Each tomato is a sphere. Each tomato just touches all the other tomatoes next to it as shown in the diagram. Tomato five goes bad. This is counted as the first hour. One hour later, all the tomatoes it touches go bad (now tomatoes 5,1,6 and 9 are bad). This continues every hour untill all the tomatoes in the box are bad.

I aim to investigate how tomatoes go bad in the above tray, and in trays of different sizes.

How do tomatoes go bad in trays?

In this investigation, I aim to find a formula for calculating the total time required for all tomatoes to go bad in a rectangular tray of any rectangular size, and with any bad tomato starting position. To achieve this, I will first need to explain with the use of diagrams, how I arrived at a formula for the total time required for the tray to go bad. This will be done in three stages, followed by a worked example, which will answer both part 1 of the investigation, and part 2. Part 3 is an extension of the investigation concerned with the average total time required a tray to go bad starting from one single tomato.
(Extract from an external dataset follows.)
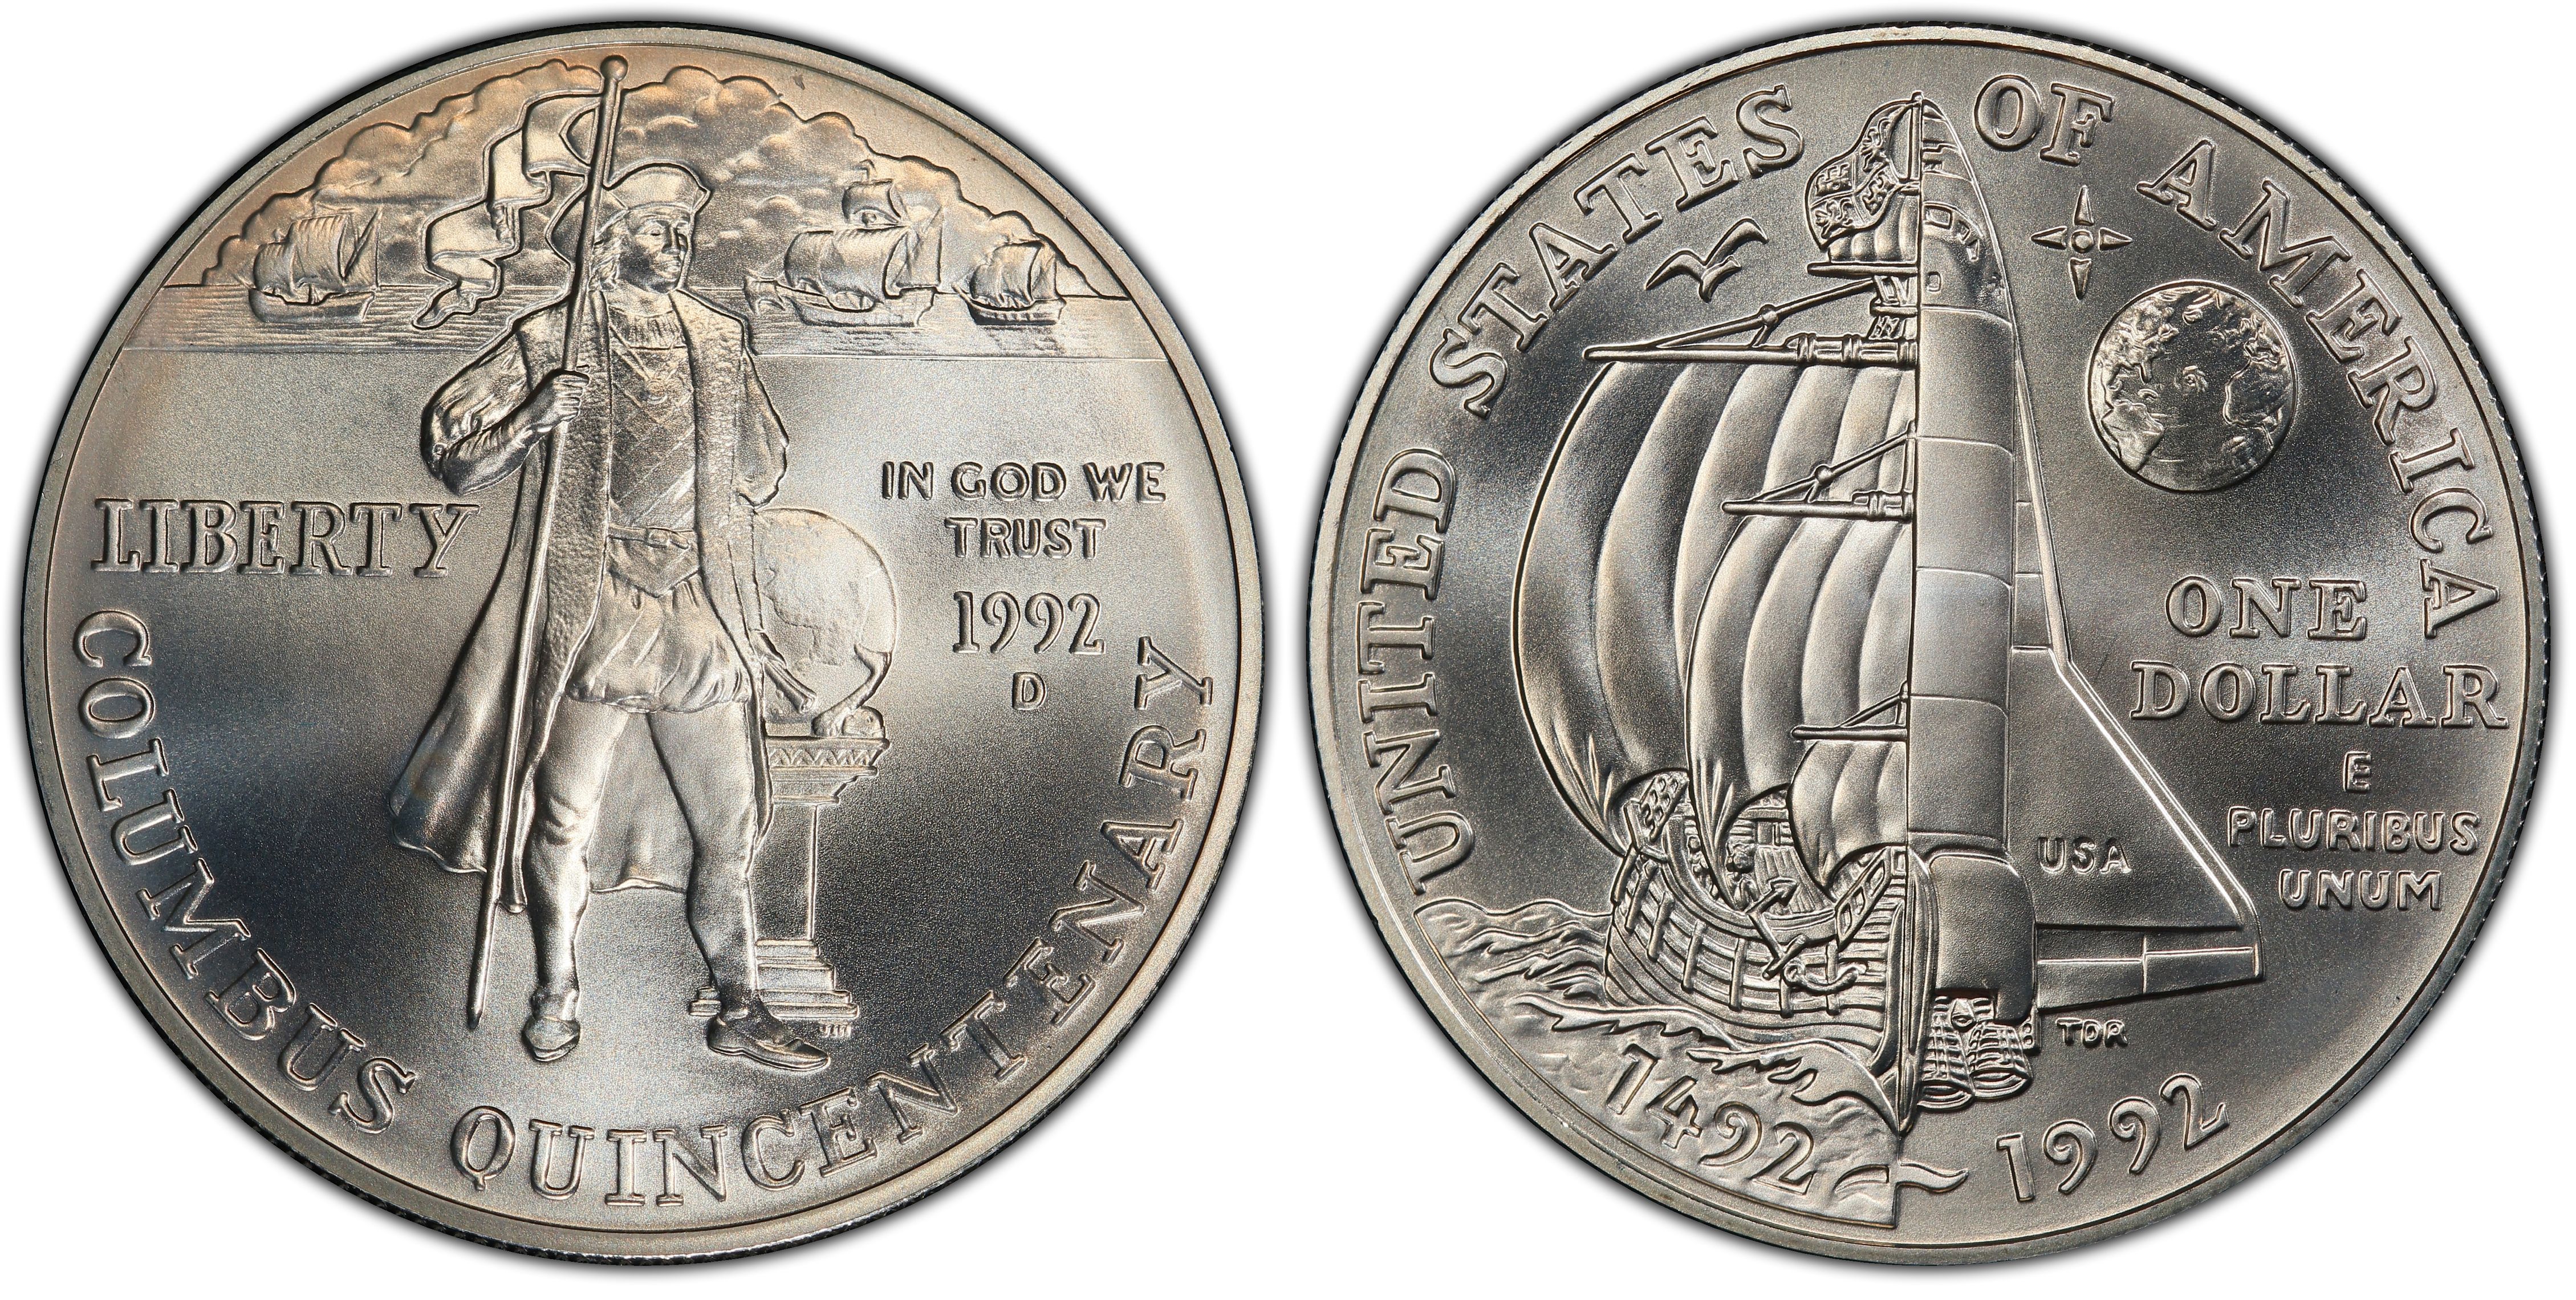 1992 D Columbus Uncirculated BU Silver Dollar Commemorative $1 Unc Coin

The problem of calculation the total time required for all tomatoes to go bad is the same as the problem of calculating the time needed for bad tomatoes to reach the corner which is most remote from the starting position. If we can calculate the time required for the bad tomatoes to reach the most distant corner from the starting position, we can safely say that the rest of the tray has gone bad as well.

Stage one of the analysis

We will first consider the easiest case, when the initial bad tomato is at equal distance from both sides of the tray extract, spaced by ‘n’ rows and ‘n’ columns from corresponding walls. Here we can see an extract of a complete square tray. The shaded cell represents the first tomato to go bad.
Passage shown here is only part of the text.